Share via


Getting the number of characters in a TCHAR string

Question

Tuesday, October 16, 2007 7:43 PM

Hi all,

I am trying to learn everything related to TCHAR's so I can write programs that can be compiled in Unicode if need be. I understand the differences between narrow and wide characters, char and wchar_t (and the generic TCHAR), the L prefix and generic _T() macro, and how to use preprocessor defines to tell the compiler which to use.

However, I haven't gotten very far in development and have already run into a problem. I would like to know the number of characters in a TCHAR array or TCHAR*. Unfortunately, every length function I can find (_tcslen(), even wstring::length()) seems to be returning the number of BYTES, not characters, which is no good for the string manipulation I need to do.

I've looked through a lot of material that talks about using _tcslen() instead of strlen(), but none of them adress this question.
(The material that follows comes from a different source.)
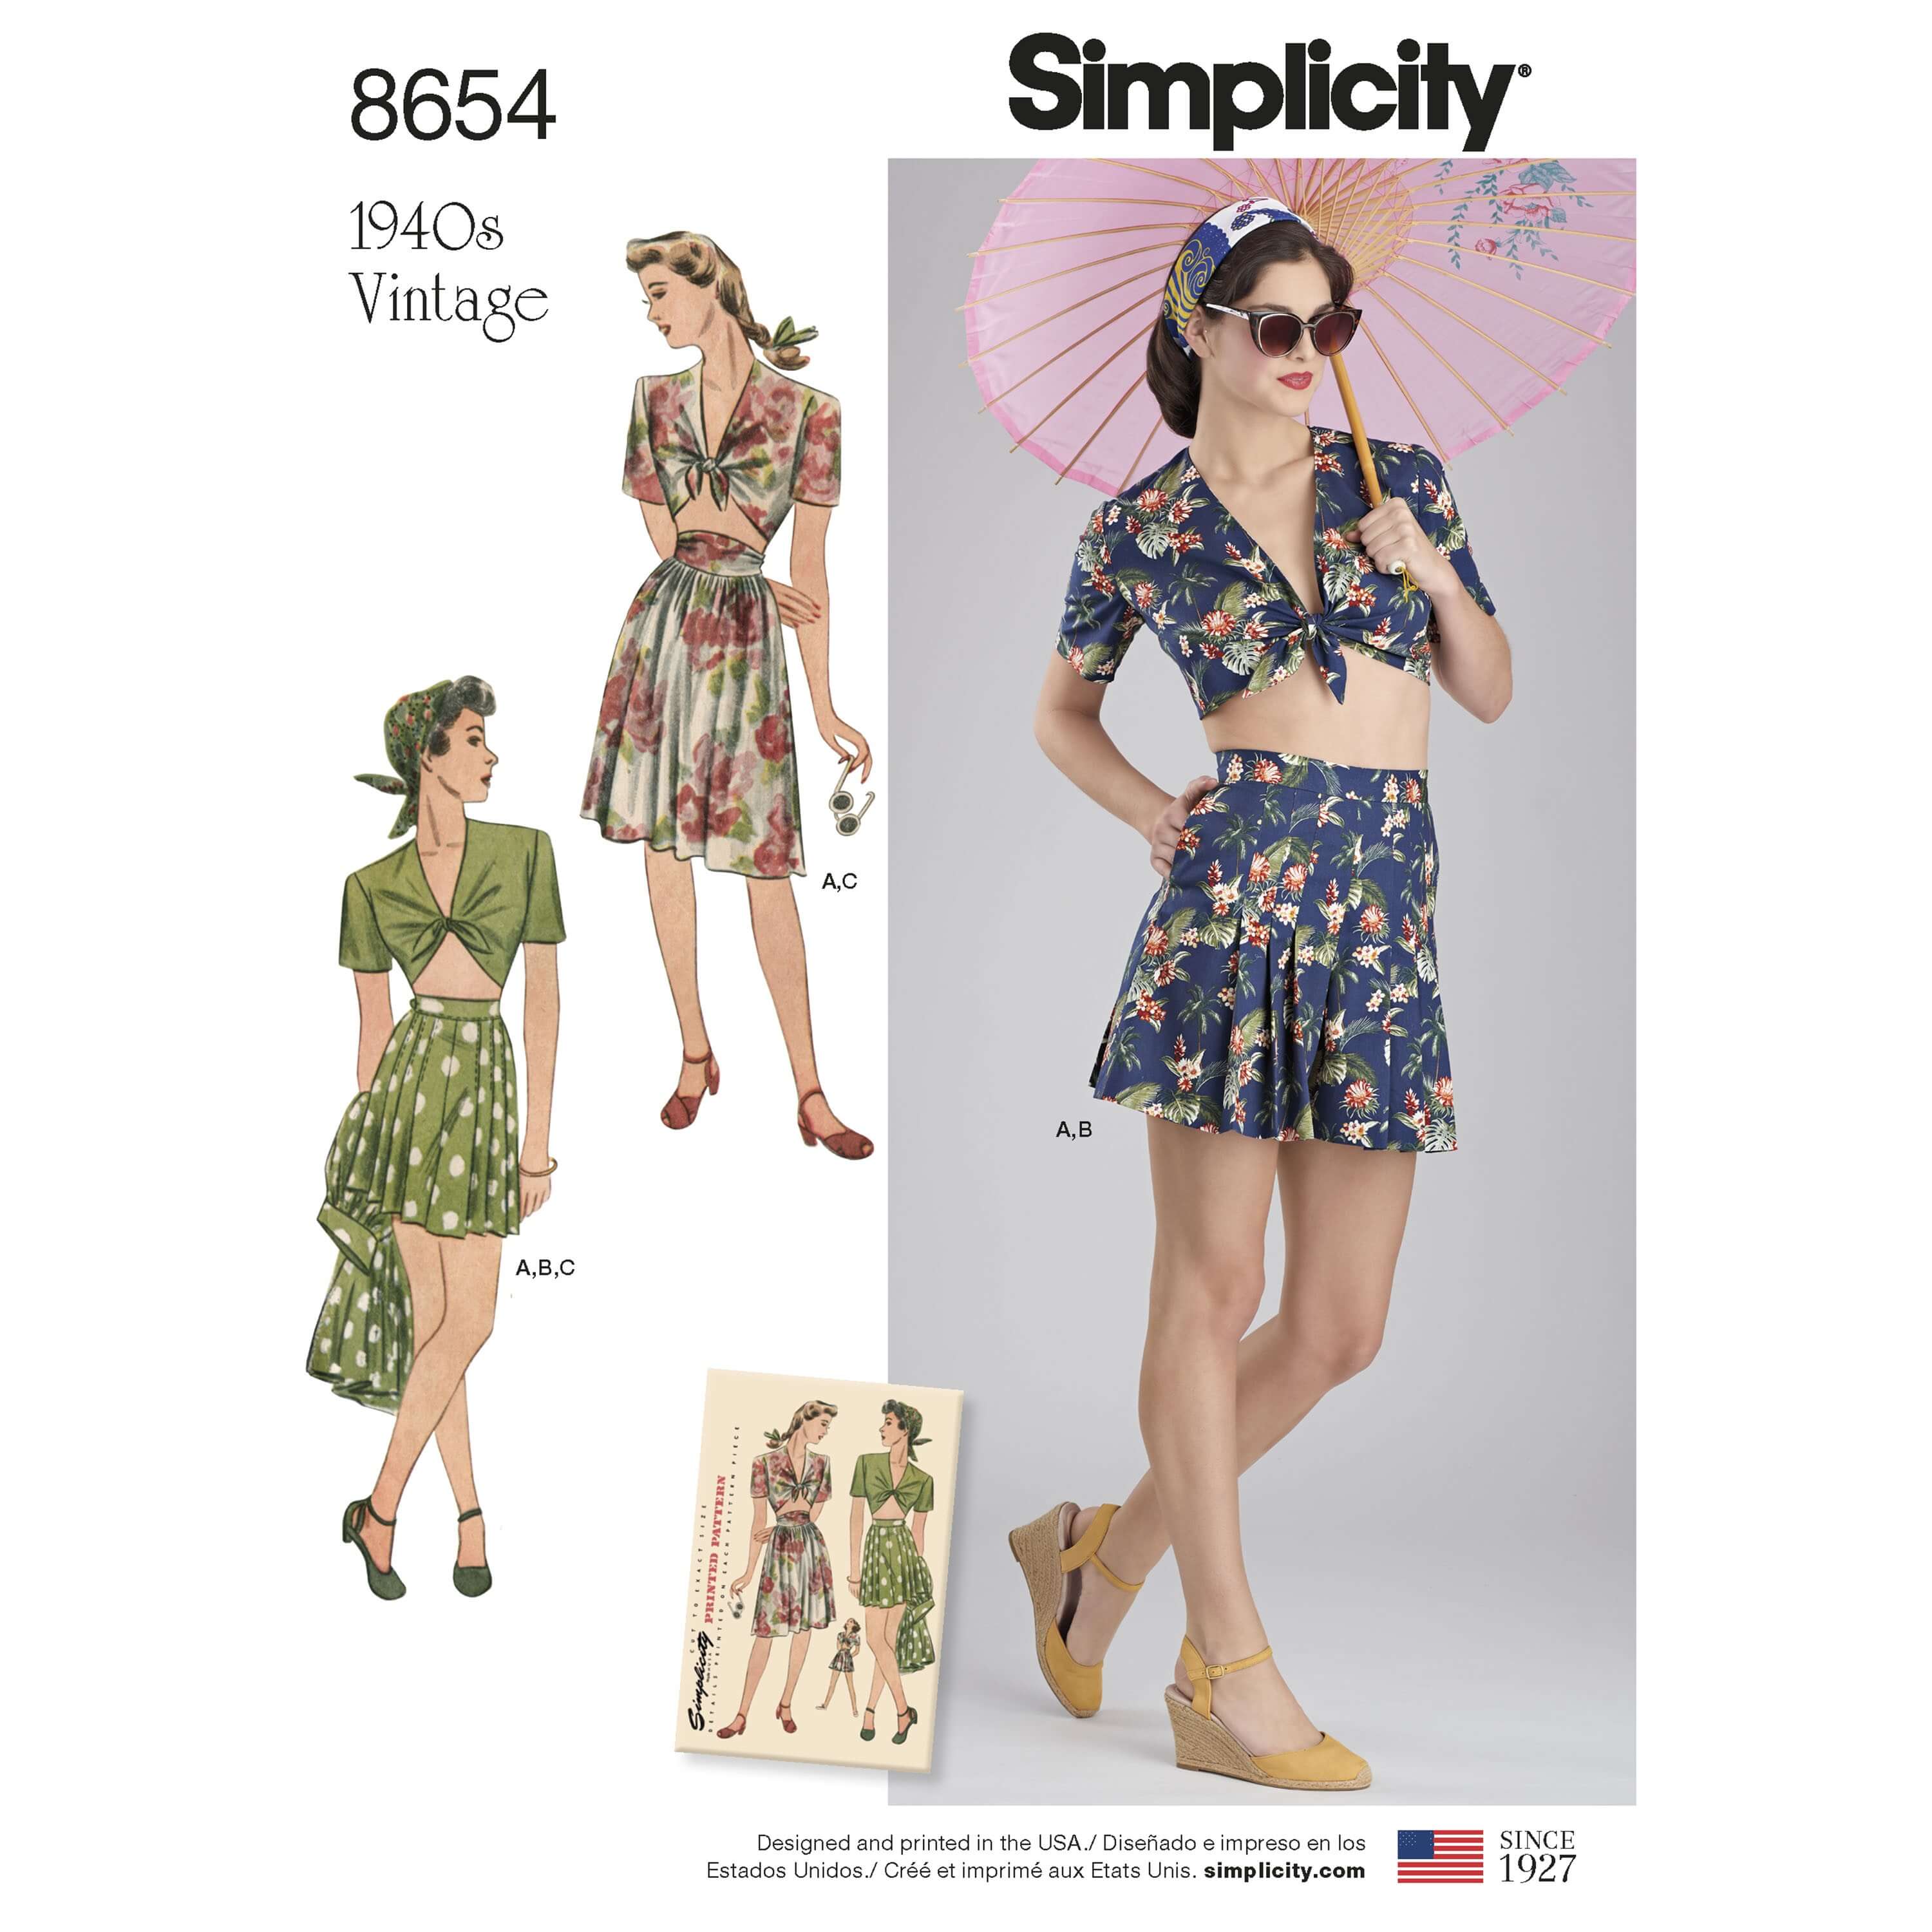 Simplicity Sewing Pattern 8654 Women’s Vintage 40s Skirt, Shorts & Tie Top

Can anyone help a newbie out -- how do I get the number of characters in a Unicode string?

TIA for any advice.

All replies (4)

Wednesday, October 17, 2007 10:22 AM âś…Answered

Viorel is right about _tcslen returning count in TCHARs.

 

If you want to count the Unicode code points, i.e. the Unicode "characters", you must be aware that in Unicode UTF-16 there are some code points made up by two 16-bits values (so two WCHARs): they are called "surrogate pairs". A surrogate pair is made up by two 16-bits values, but it actually represents one code point, i.e. one Unicode "character".

 

I believe that both _tcslen and CString::GetLength return the count in TCHARs, not properly considering surrogate pairs.

 

I don't know if the C++ library or ATL/MFC have a method like Java's String.codePointCount, that would return the number of code points (i.e. characters), proper considering surrogate pairs:

 

http://java.sun.com/mailers/techtips/corejava/2006/tt0822.html

 

Giovanni

 


Wednesday, October 17, 2007 6:26 AM

In that case simply divide the return value from _tcslen by sizeof(TCHAR).
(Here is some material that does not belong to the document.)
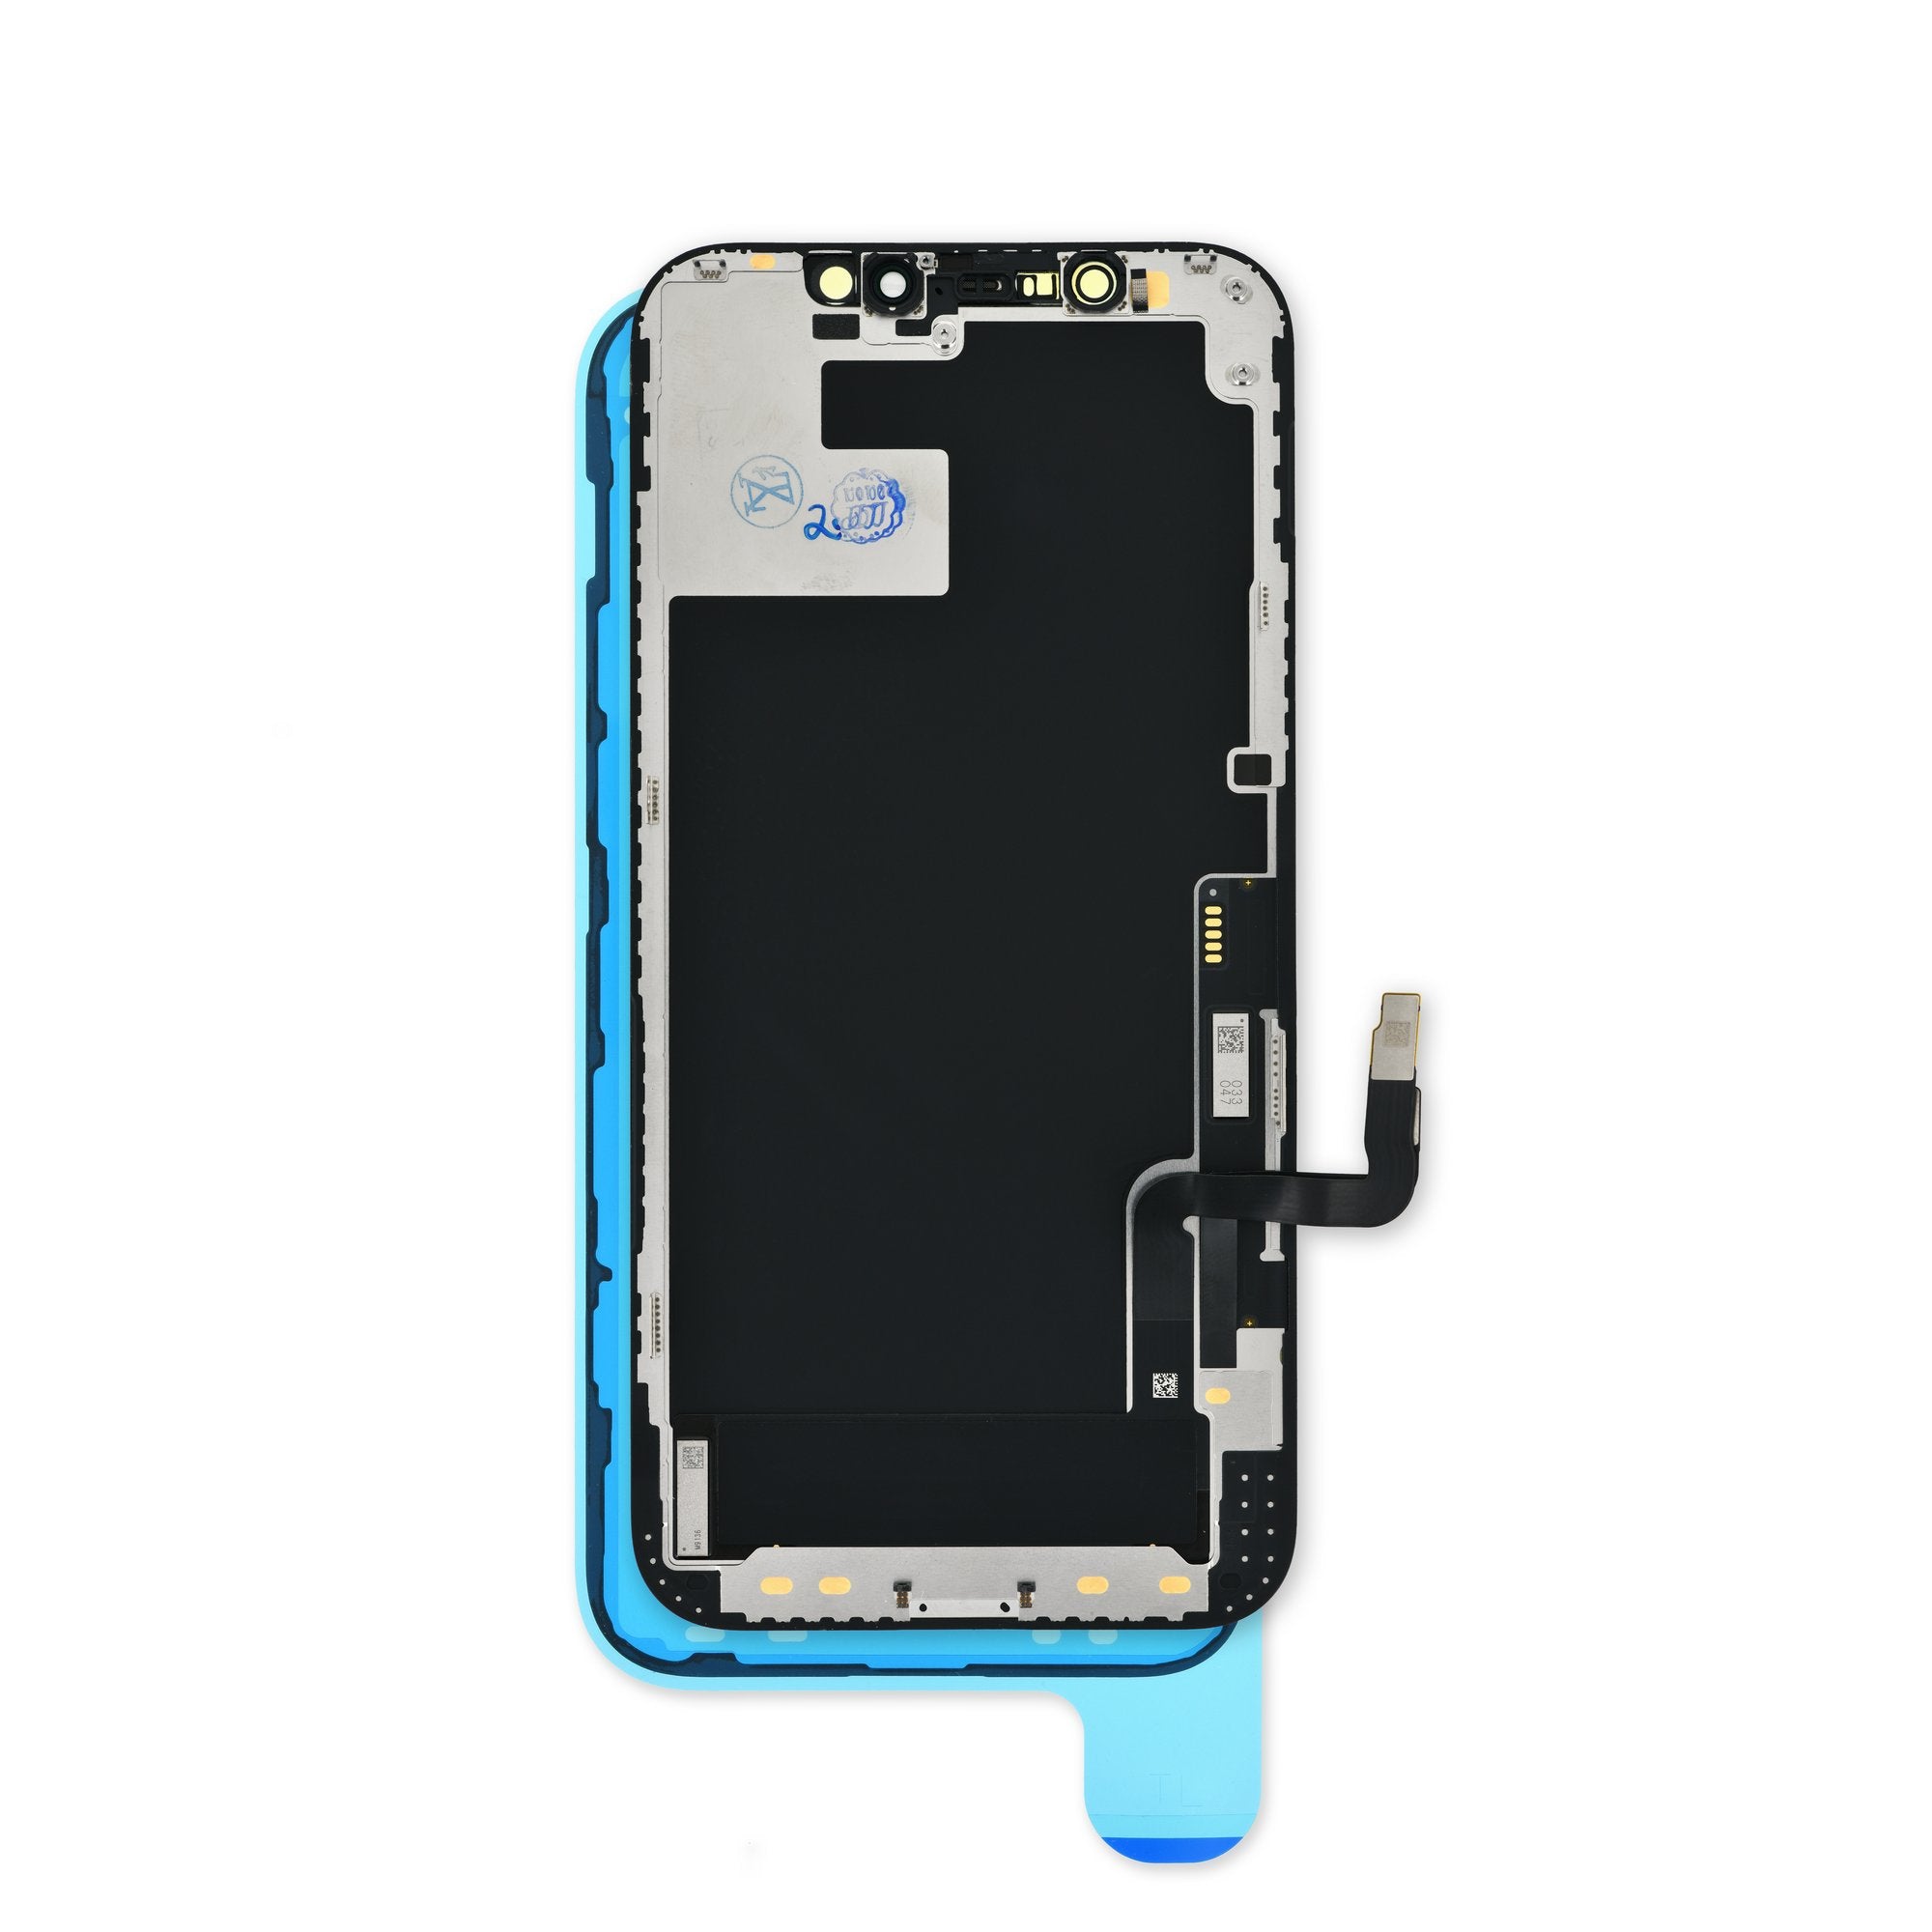 iPhone 12/12 Pro Screen: LCD and Digitizer Repair Kit - iFixit

You can even make a macro for that like this:

#define mystrlen(a) _tcslen(a) / sizeof(TCHAR)

 

But be aware that if your unicode string contains characters that consist of 2 16 bit values (I don't know the proper terminology for this) you will get errors because certain characters will be counted twice in that case.


Wednesday, October 17, 2007 6:56 AM

 Abtakha wrote:
[...] I would like to know the number of characters in a TCHAR array or TCHAR*. Unfortunately, every length function I can find (_tcslen(), even wstring::length()) seems to be returning the number of BYTES, not characters, which is no good for the string manipulation I need to do. [...]

 

According to documentation, functions like _tcslen, lstrlen and other, applied on TCHAR strings, return the length in characters, not in bytes.

 


Thursday, October 18, 2007 12:56 AM

Thank you all for replying! I was referred elsewhere to the function StringCchLength(), which seems to do the trick.

For others' reference: use the above function! Whatever _tcslen() and basic_string<>::length() return, a Japanese character counts as three, and a Roman character count as one. I'm not sure if it's surrogate pair or something else that causes the confusion.

PS. Giovanni -- thanks for passing along that link. That will come in handy when I work in Java.